The United States District Court for the Northern District of California denied the FTC's motion for a preliminary injunction. The court held a five-day evidentiary hearing and concluded that the FTC had not raised serious questions regarding whether the proposed merger would likely substantially lessen competition. The court found that Microsoft lacked the incentive to make Call of Duty exclusive to Xbox, as doing so would harm its financial interests and reputation. The court also noted that Activision Blizzard had historically resisted putting its content on subscription services, and there was insufficient evidence to show that this would change absent the merger.

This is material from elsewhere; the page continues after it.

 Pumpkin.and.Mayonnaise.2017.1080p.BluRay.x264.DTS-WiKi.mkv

The United States Court of Appeals for the Ninth Circuit reviewed the district court's decision and affirmed the denial of the preliminary injunction. The appellate court agreed that the district court applied the correct legal standards and did not abuse its discretion or rely on clearly erroneous findings. The Ninth Circuit held that the FTC failed to make a sufficient evidentiary showing to establish a likelihood of success on the merits of its Section 7 claim. The court concluded that the FTC had not demonstrated that the merger would likely substantially lessen competition in the relevant markets.

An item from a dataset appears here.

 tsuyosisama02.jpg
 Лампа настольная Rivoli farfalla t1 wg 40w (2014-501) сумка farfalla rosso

Court Description: Clayton Act. The panel affirmed the district court’s denial of a motion by the Federal Trade Commission (“FTC”) for preliminary injunctive relief against Microsoft’s acquisition of the video game developer Activision Blizzard, Inc.
The merger is the subject of an administrative proceeding that remains pending before the FTC. In its administrative complaint and in seeking a preliminary injunction in the district court, the FTC asserted that the merger would likely violate § 7 of the Clayton Act because, viewing the merger as a vertical integration between a content-platform operator and a content producer, competition would be substantially lessened in the relevant U.S.-based content-platform markets for gaming console devices, gaming subscription services, and gaming cloud- streaming services.

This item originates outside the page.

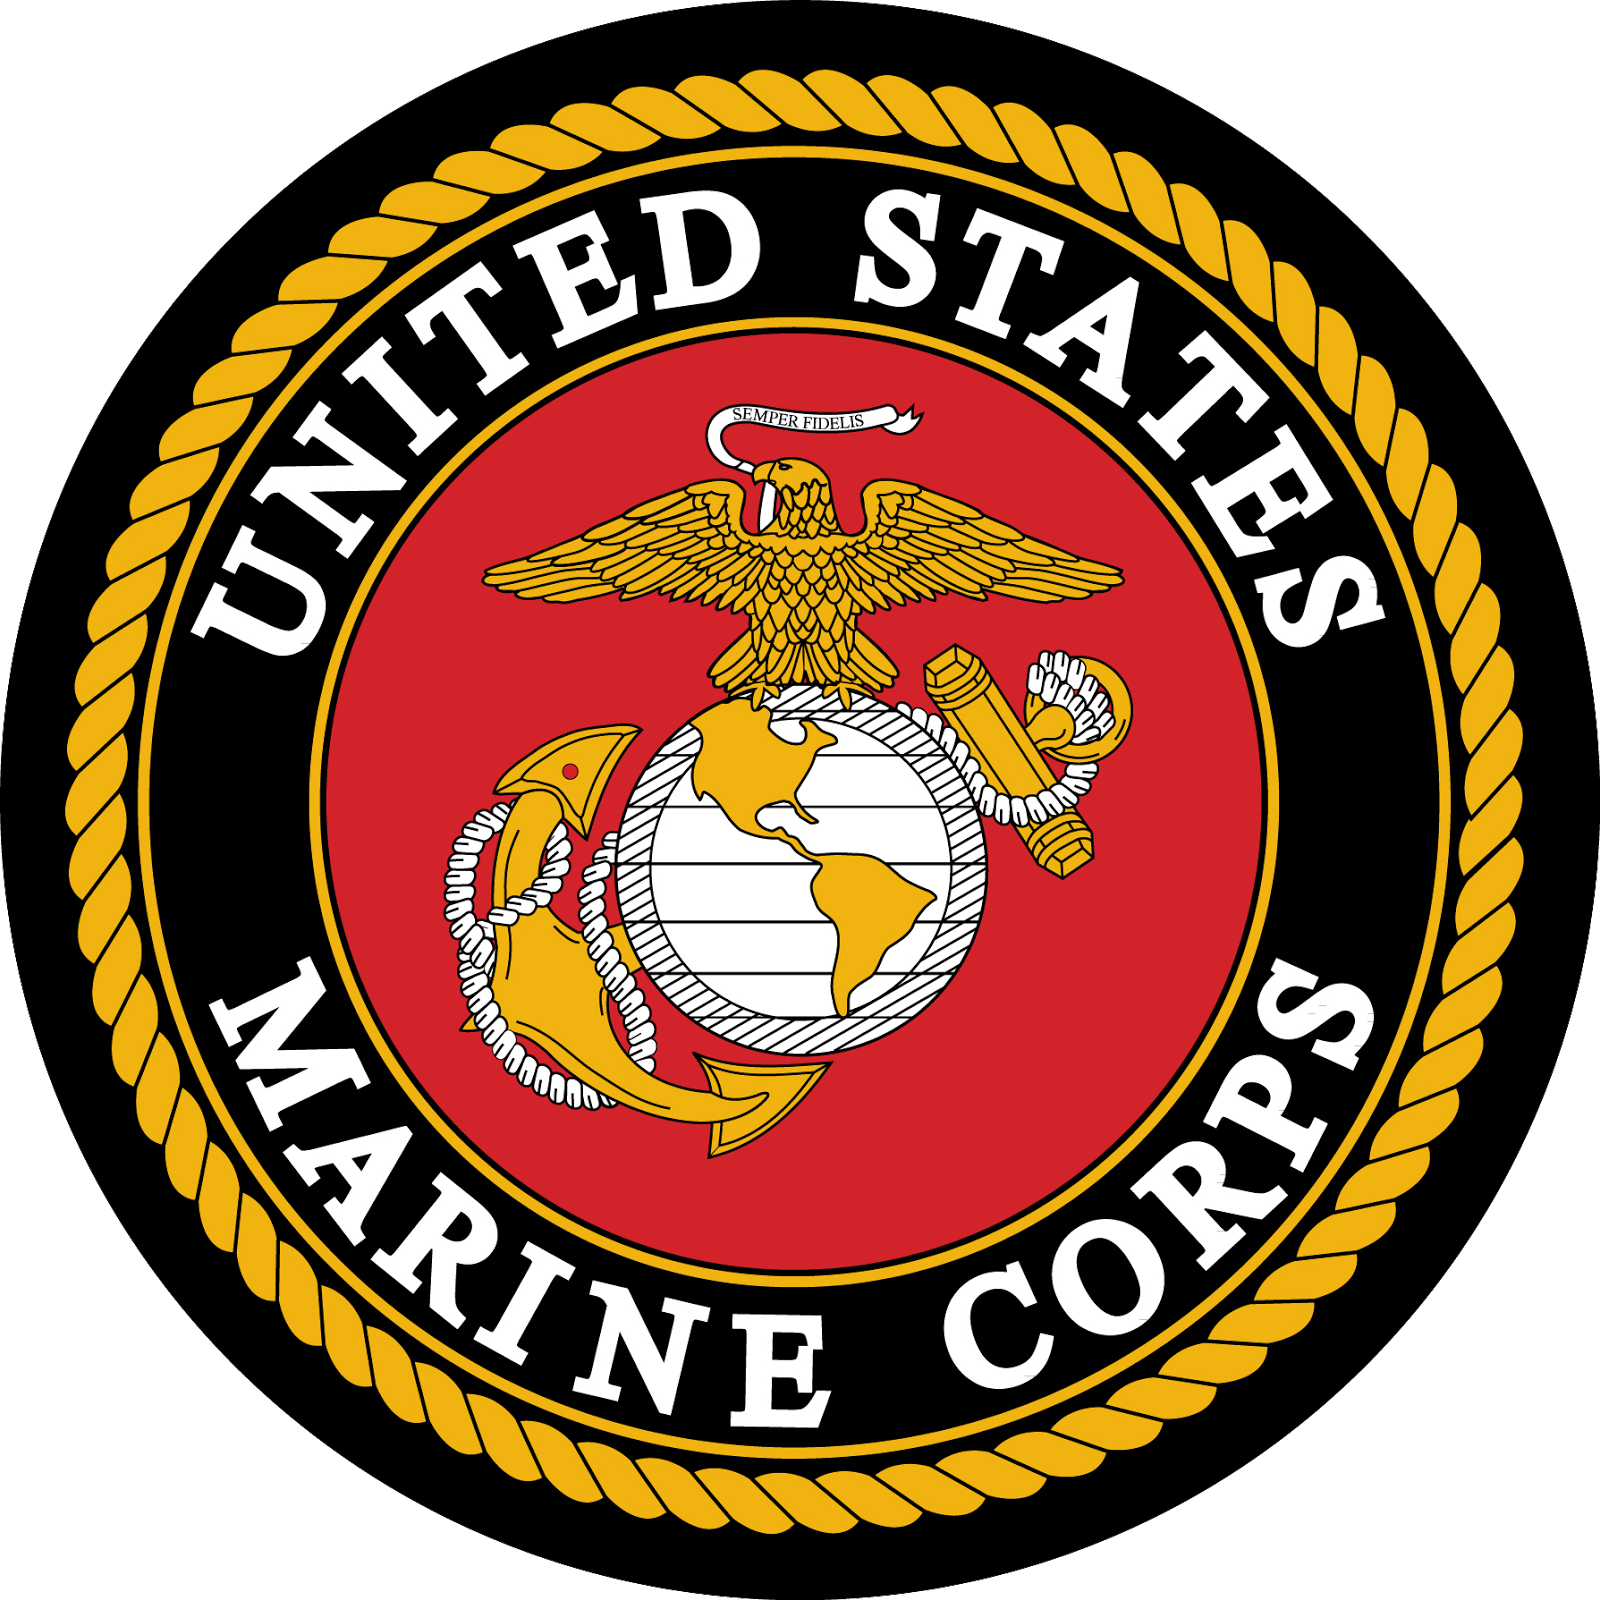 Fac USMC

The panel held that the district court applied the correct legal standards and did not abuse its discretion, or rely on clearly erroneous findings, in holding that the FTC failed to make a sufficient evidentiary showing to establish the requisite likelihood of success on the merits of its § 7 claim. Thus, the FTC had not raised serious questions regarding whether the proposed merger was likely to substantially lessen competition in the relevant markets.
First, pertaining to the console market, the panel agreed with the district court that the FTC failed to sufficiently show that Microsoft would foreclose or partially foreclose rivals after the merger either by making the popular game Call of Duty exclusive to its Xbox console or by releasing only an inferior version of the game for Sony’s rival PlayStation. The panel next found that as to the library subscription services market, the district court did not abuse its discretion by holding that the FTC had not made an adequate showing that the merger would substantially lessen competition. Because Activision Blizzard had long opposed putting its content on library subscription services, the merger’s effect of making such content available for the first time in the subscription market, even if exclusive to Microsoft, would not substantially lessen competition. Finally, the district court did not abuse its discretion in similarly finding an insufficient likelihood of success on the FTC’s claim that the merger would substantially lessen competition in the cloud-streaming market, given that the FTC failed to show that Activision Blizzard content would be available to this market in the absence of the merger.